In our main results, we document how a different economic incentive (bond issuance) influences a different type of cost shifting (between categories of uncompensated care). Overall, our results extend Krishnan and Yetman’s (2011) findings and provide evidence of how nonprofit hospital managers use discretion to report favorable results and to respond to external pressure from stakeholders.

6 Conclusion

In exchange for the provision of social goods, nonprofit organizations receive a number of economically valuable tax benefits, including access to the tax-free municipal bond market. Anecdotal evidence suggests that it is common for nonprofits to “window dress” their financial reports around a bond issuance. We test this assertion and whether such window dressing lowers nonprofit debt costs. Using a sample of nonprofit hospitals located in California, our evidence suggests that nonprofit hospitals use discretion to shift costs from bad debt expense to charity care in anticipation of entering the bond market. The cost shifting appears to begin as early as three years prior to the bond issuance, reverses during the subsequent three years, and is associated with a lower cost of debt. Our results contribute to the accounting research literature that investigates nonprofit incentives and accounting discretion as well as nonprofit hospital accounting and reporting. Our study also informs a growing stream of research that examines how social output is measured and associated with the extent of taxes paid.
Our study has important implications for public policy and the supply of capital among nonprofits. The strategy of shifting costs from bad debt to charity care prior to bond issuance could lead to suboptimal resource allocation by creditors. Bad debt expense creates uncertainty about future cash flows that are required for repaying principal and interest. If managers shift expenses opportunistically, the implied certainty of realizing non-charity patient revenues temporarily increases before bond issuance but returns to normal levels in future years. Therefore, any creditor projections of cash flows on future non-charity care related revenues would be overstated.
As the first to explore the link between tax-exempt bond issuance and managerial discretion in the nonprofit hospital setting, our study serves a timely purpose. Regulators, donors, legislators, and community members often challenge the merit of the numerous public policy benefits that nonprofit hospitals receive, including access to the tax-exempt debt market. By demonstrating that entering the tax-exempt debt market incentivizes strategic expense reporting, our study contributes to this debate. However, we acknowledge that our study utilizes sample data from a single state (California) and that our results and inferences may not extend to other states’ regulatory settings. We believe the California environment is largely representative in regard to both the regulatory pressures to provide charity care and the tax-exempt debt market expectations that nonprofit hospitals face in other US municipalities. Nevertheless, given the economic importance of nonprofit hospitals within the healthcare system, further study using data from other locations is warranted.
Finally, the findings from our study can inform the research literature and regulatory oversight with regard to the intersection of tax avoidance and CSR by large multinational corporations.
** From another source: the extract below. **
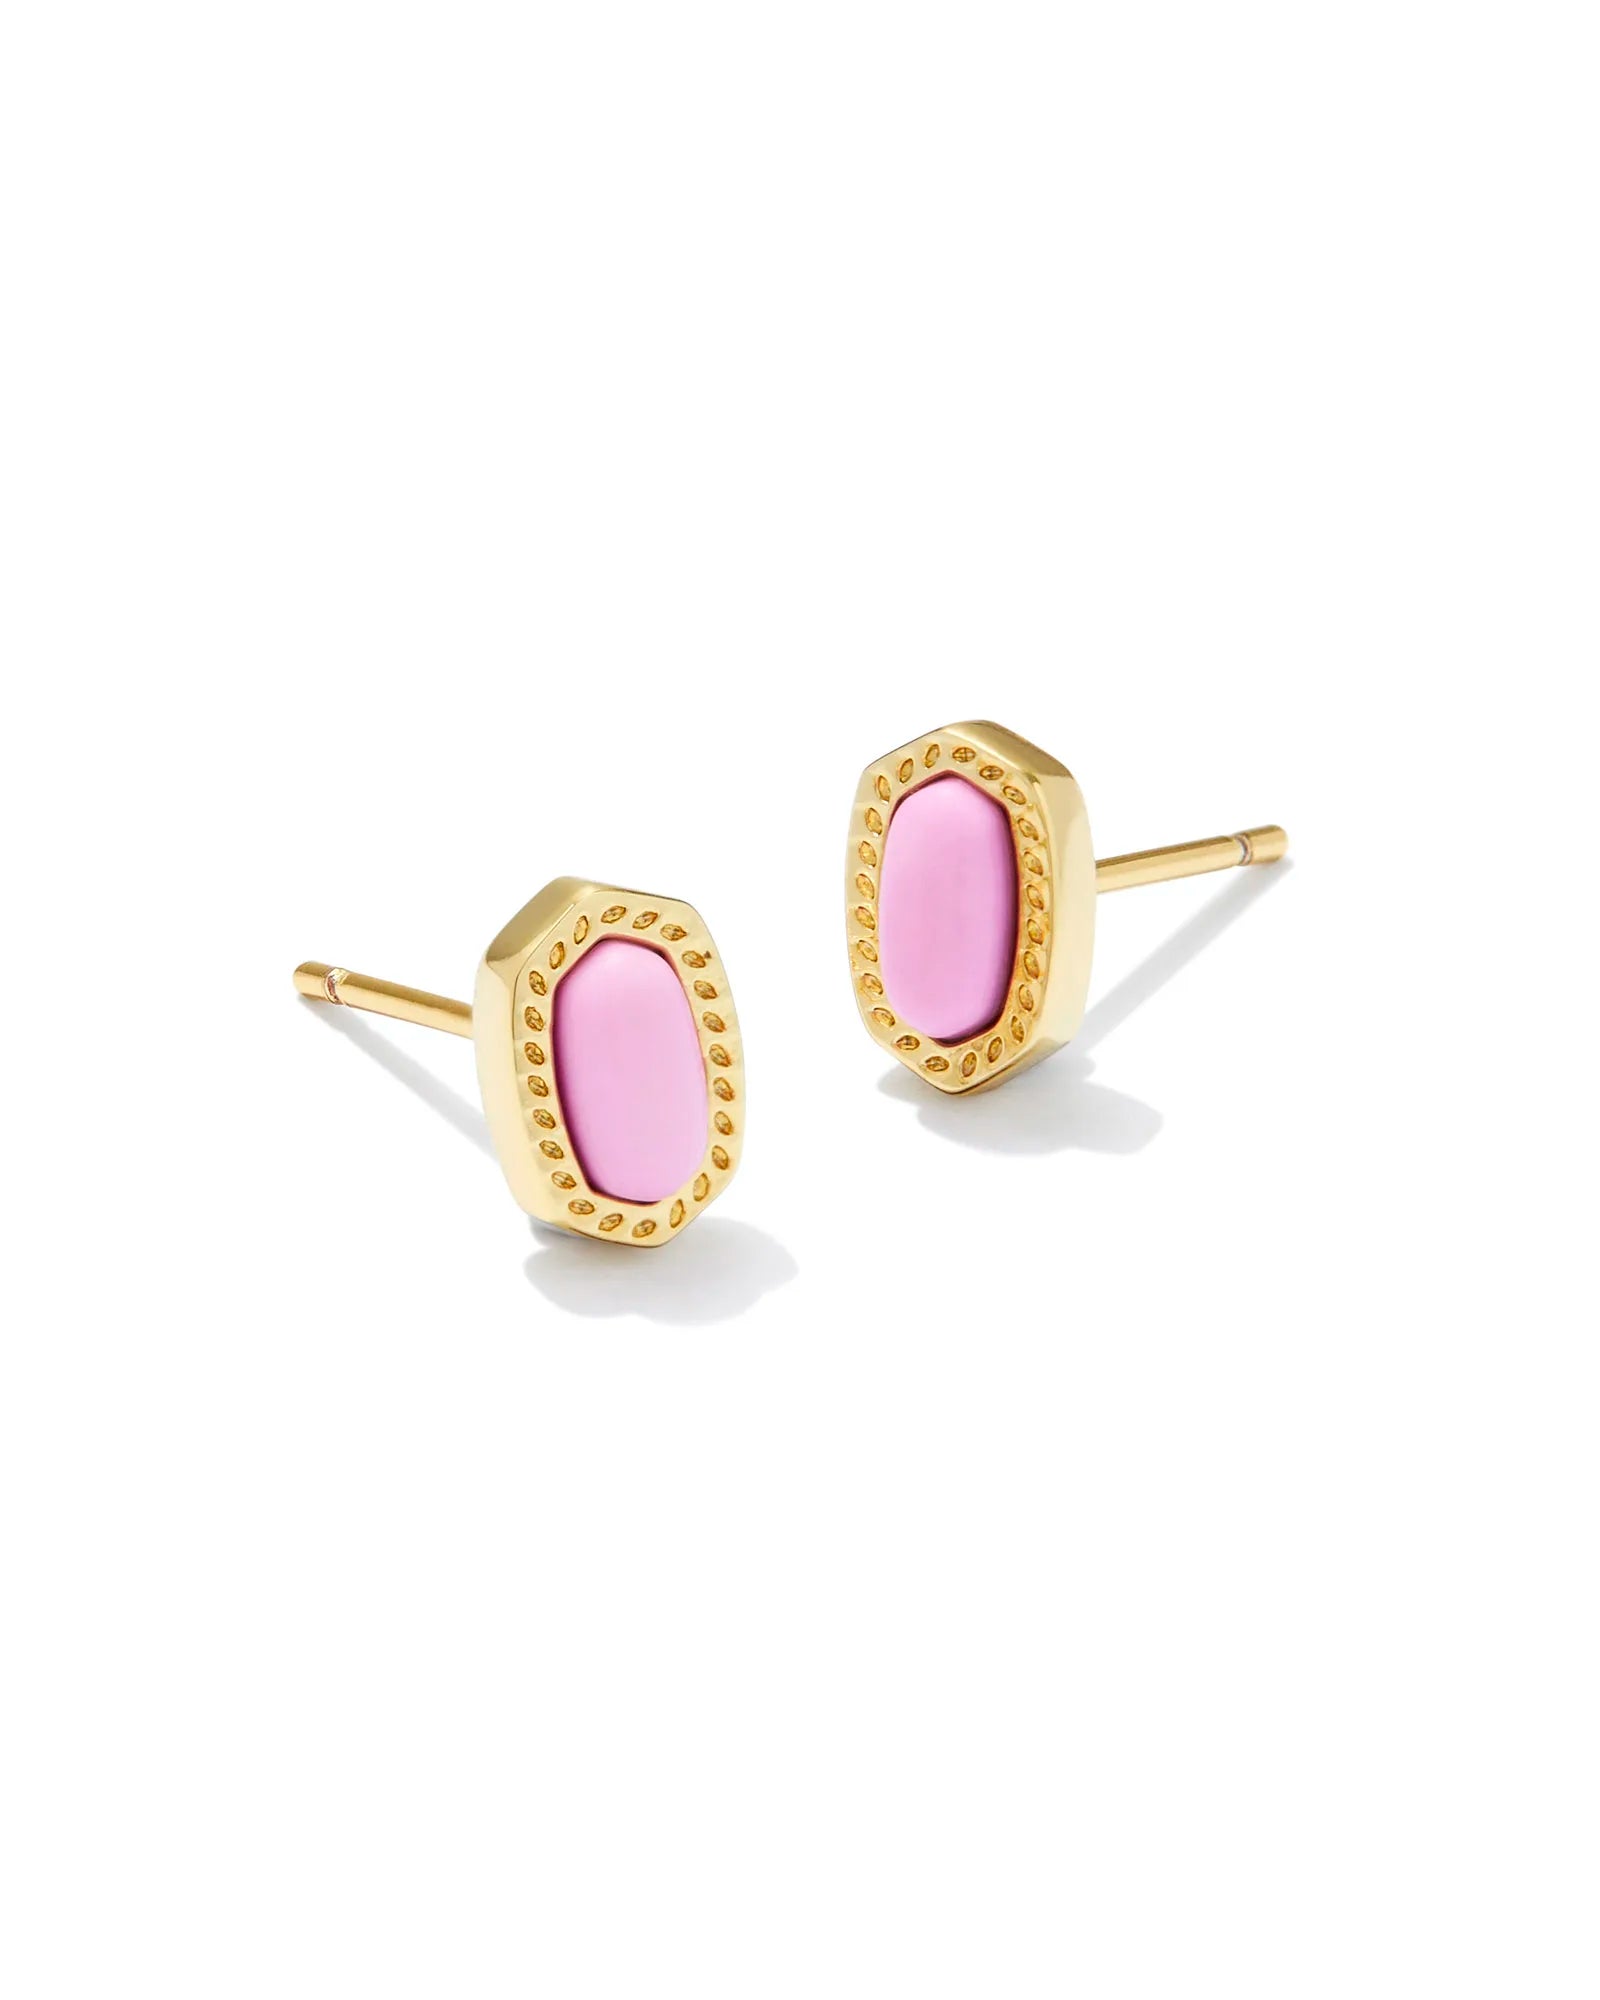 Kendra Scott | Mini Ellie Gold Stud Earrings in Fuchsia Magnesite - Giddy Up Glamour Boutique

Within our setting, we demonstrate a systematic strategy, by nonprofits, to overstate socially responsible performance around discrete events (i.e., bond issuances), and show that this behavior persists within a regulatory regime over a relatively long period, despite awareness raised by the popular press. Similar instances likely exist in corporations seeking tax benefits that are tied to specific (and discrete) CSR investments.32 Therefore, our results have possible implications regarding the optimal design of CSR-related tax exemptions and subsidies. For example, a claw-back period may be necessary if these types of tax exemptions are granted around discrete event.

Acknowledgments

We gratefully acknowledge the 2020 RAST Conference participants, Ranjani Krishnan (discussant), Patricia Dechow (editor), and two anonymous reviewers for their valuable insights and suggestions. We also appreciate the helpful comments we received from participants at the 2016 Southeast Summer Accounting Research Conference, the 2016 AAA Southeastern Regional meeting, the 2017 AAA Management Accounting Section midyear meeting, the 2017 AAA annual meeting, and workshops at George Mason University, Georgetown University, University of California – Davis, University of Alabama, and University of Toledo. We also appreciate the advice and feedback of David Cicero, Doug Cook, Shawn Mobbs, Linda Parsons, Shane Underwood, Paul Wong, Bob Yetman, and Michelle Yetman.
Open Access This article is licensed under a Creative Commons Attribution 4.0 International License, which permits use, sharing, adaptation, distribution and reproduction in any medium or format, as long as you give appropriate credit to the original author(s) and the source, provide a link to the Creative Commons licence, and indicate if changes were made. The images or other third party material in this article are included in the article's Creative Commons licence, unless indicated otherwise in a credit line to the material. If material is not included in the article's Creative Commons licence and your intended use is not permitted by statutory regulation or exceeds the permitted use, you will need to obtain permission directly from the copyright holder. To view a copy of this licence, visit http://​creativecommons.​org/​licenses/​by/​4.​0/​.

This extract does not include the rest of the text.